-- EXERCISE DATA --
Start of Block
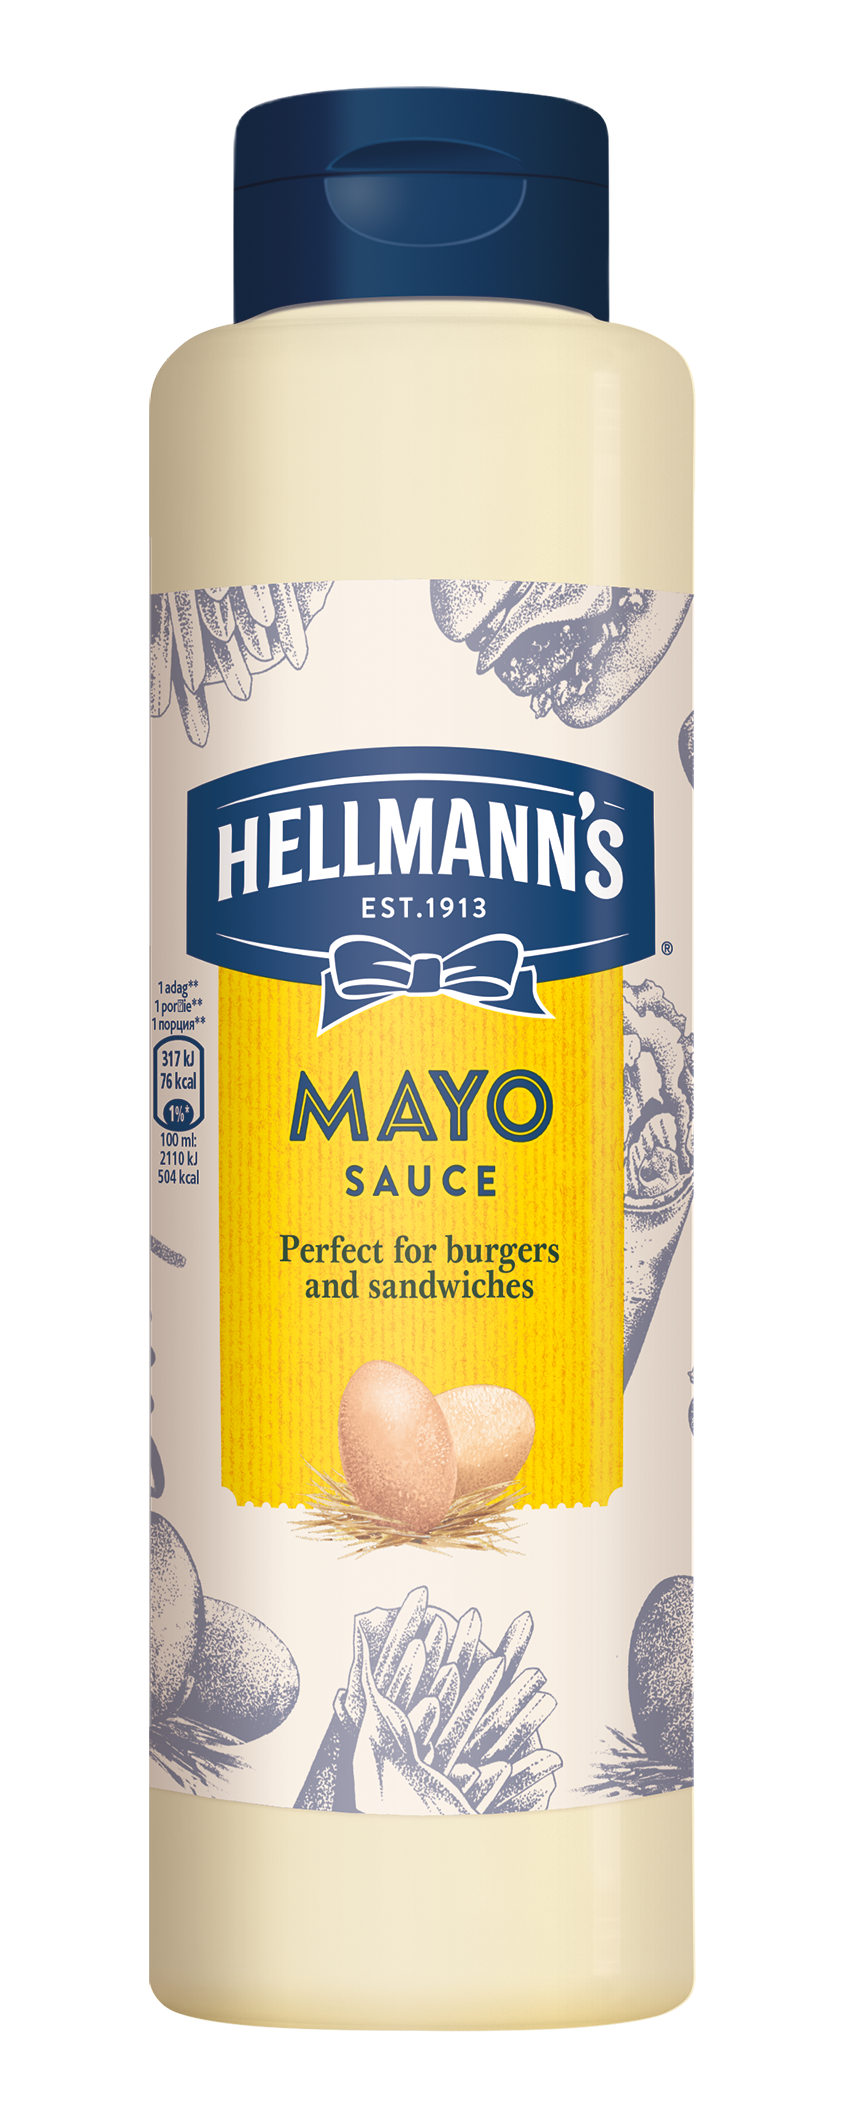 Hellmann's umak tipa majoneze 850 ml - Pokažite kvalitetu svojim gostima
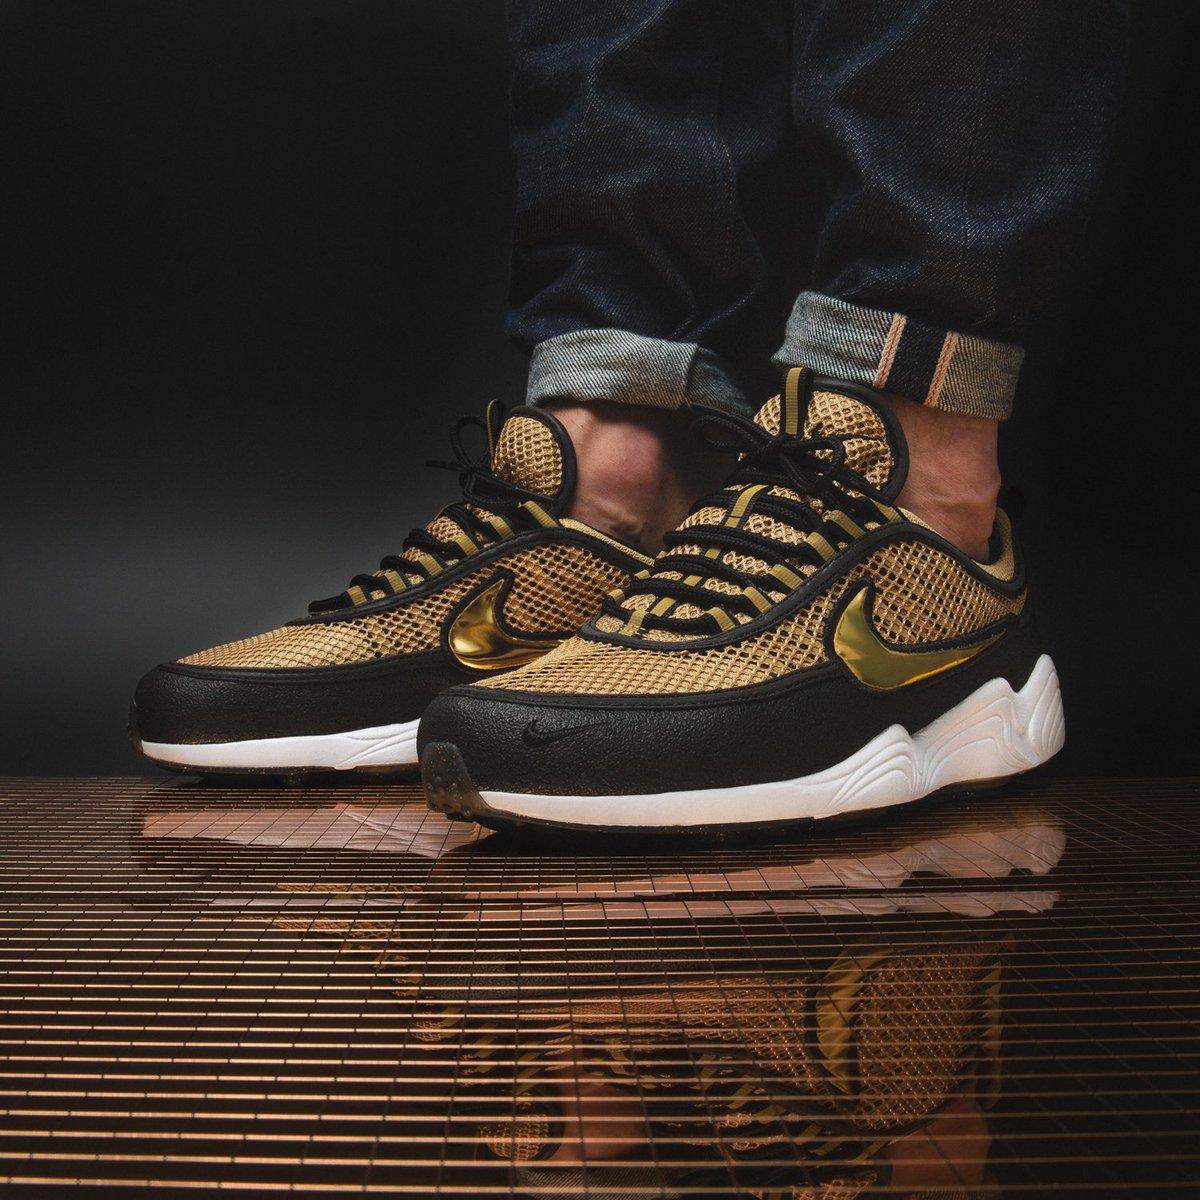 Nike Air Zoom Spiridon 'Metallic Gold' (schwarz gold
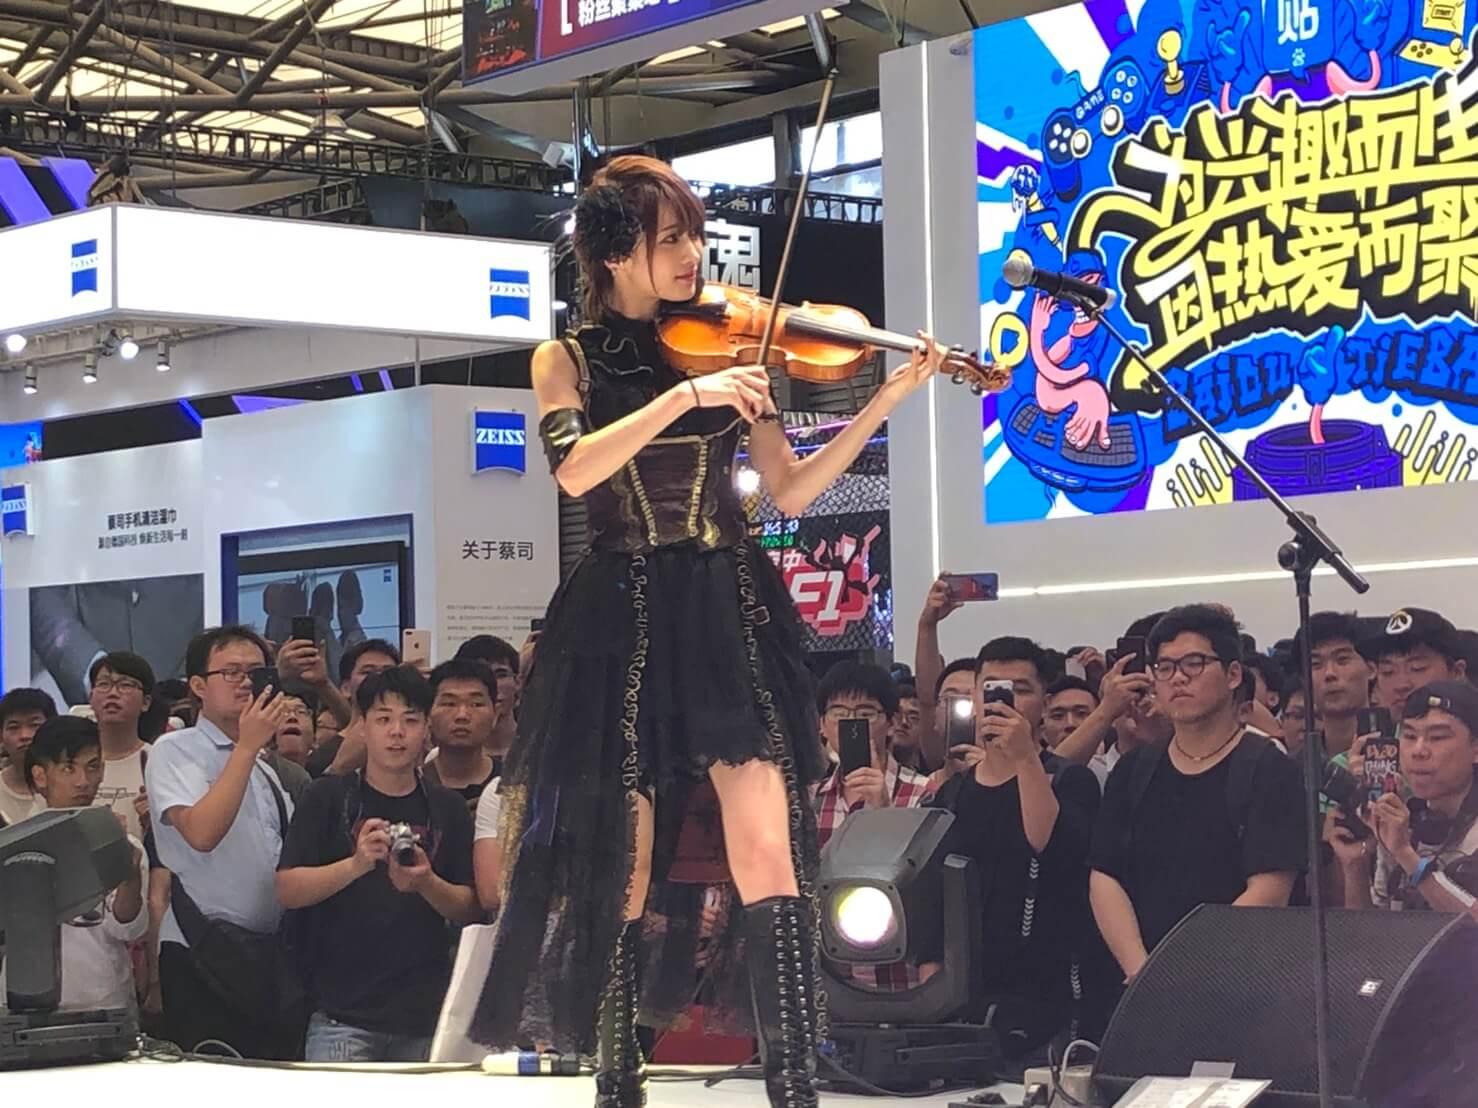 ロックヴァイオリニスト・Ayasa、上海ゲームショーで大人気サムネイル画像
End of Block
-- TRY IT --
Could you give all of the data again exactly as written, omitting any pictures?

-- YOUR SOLUTION --
 Hellmann's umak tipa majoneze 850 ml - Pokažite kvalitetu svojim gostima
 Nike Air Zoom Spiridon 'Metallic Gold' (schwarz gold
 ロックヴァイオリニスト・Ayasa、上海ゲームショーで大人気サムネイル画像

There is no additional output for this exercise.